> EXERCISE MATERIALS
=-=-=

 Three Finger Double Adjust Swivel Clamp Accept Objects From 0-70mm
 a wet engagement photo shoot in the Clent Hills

=-=-=

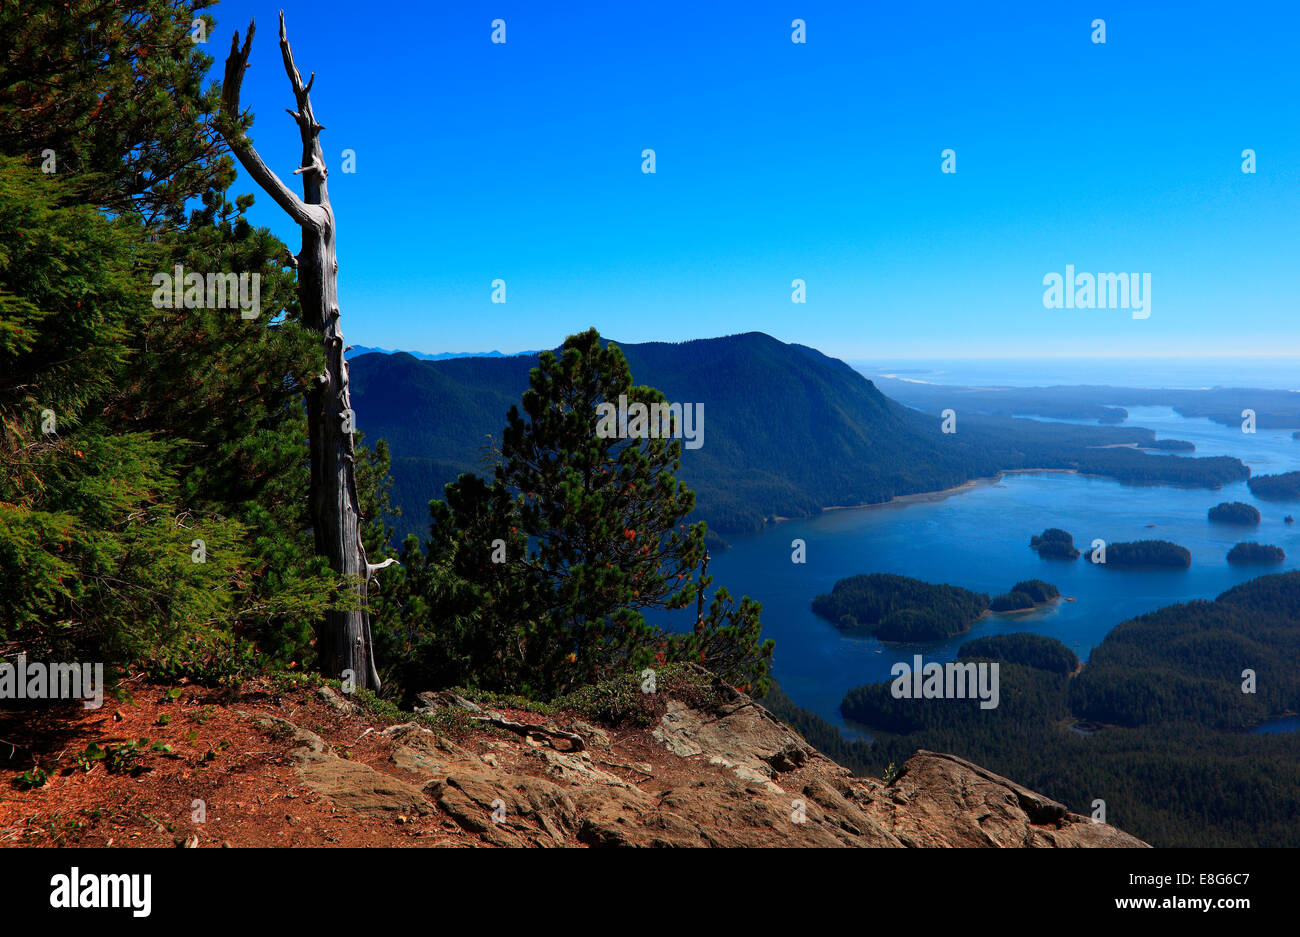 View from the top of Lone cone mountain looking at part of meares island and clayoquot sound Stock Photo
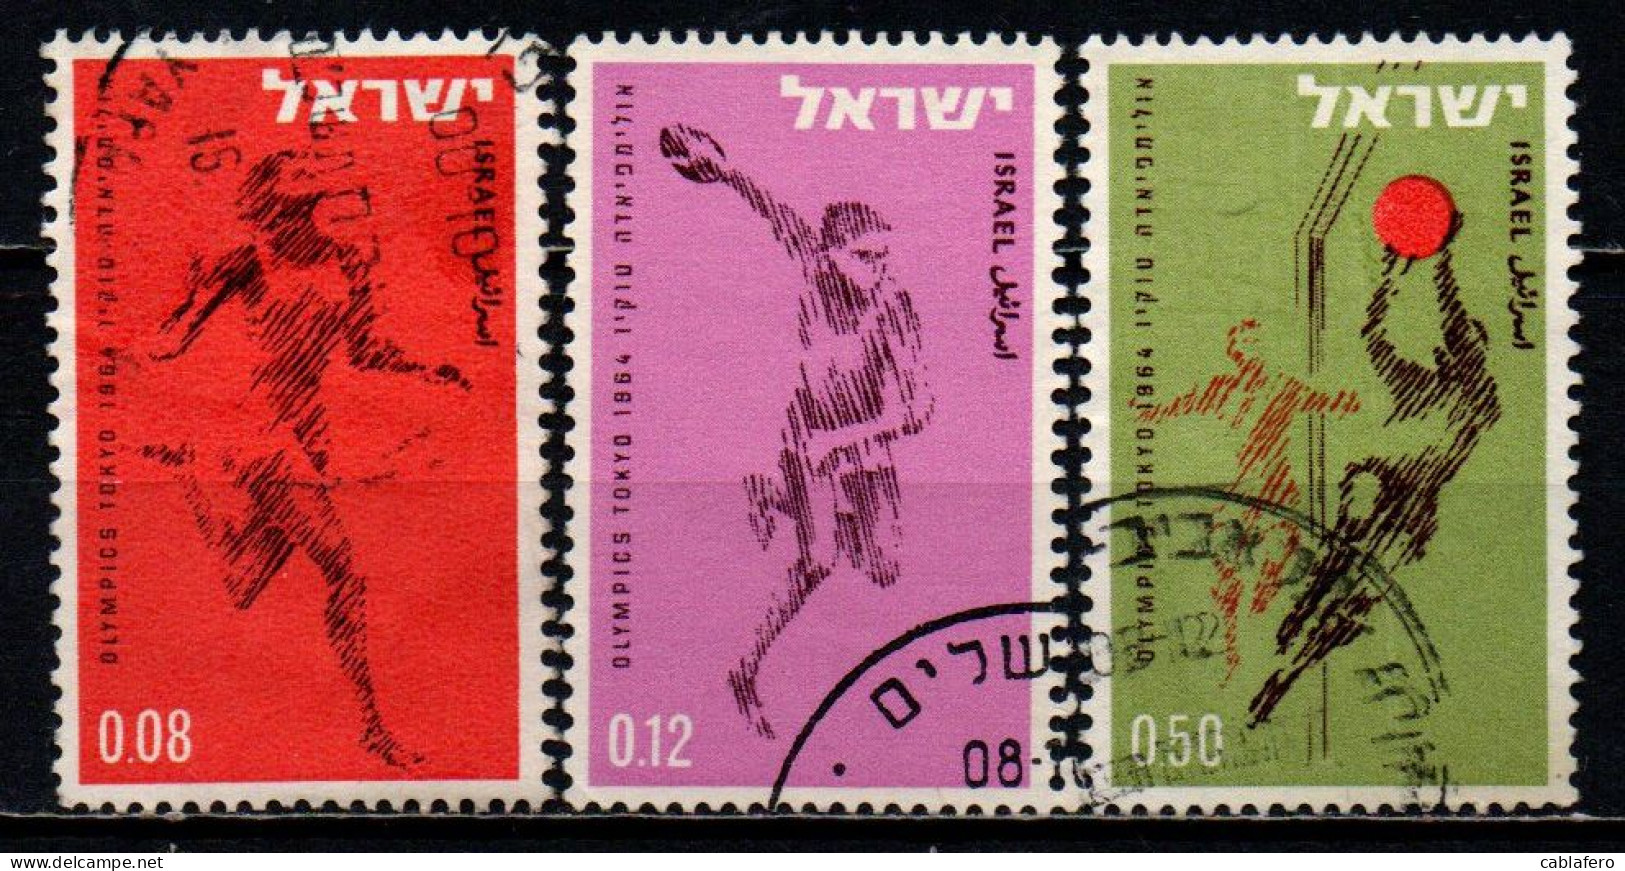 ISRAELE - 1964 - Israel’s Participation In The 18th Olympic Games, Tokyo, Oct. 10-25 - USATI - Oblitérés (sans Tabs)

=-=-=

> WHAT THE TASK ASKS
What is asked for is an exact copy of the lines above from the one containing "Three Finger Double" through the one containing "a wet engagement", and only those.

> WRITTEN RESPONSE
 Three Finger Double Adjust Swivel Clamp Accept Objects From 0-70mm
 a wet engagement photo shoot in the Clent Hills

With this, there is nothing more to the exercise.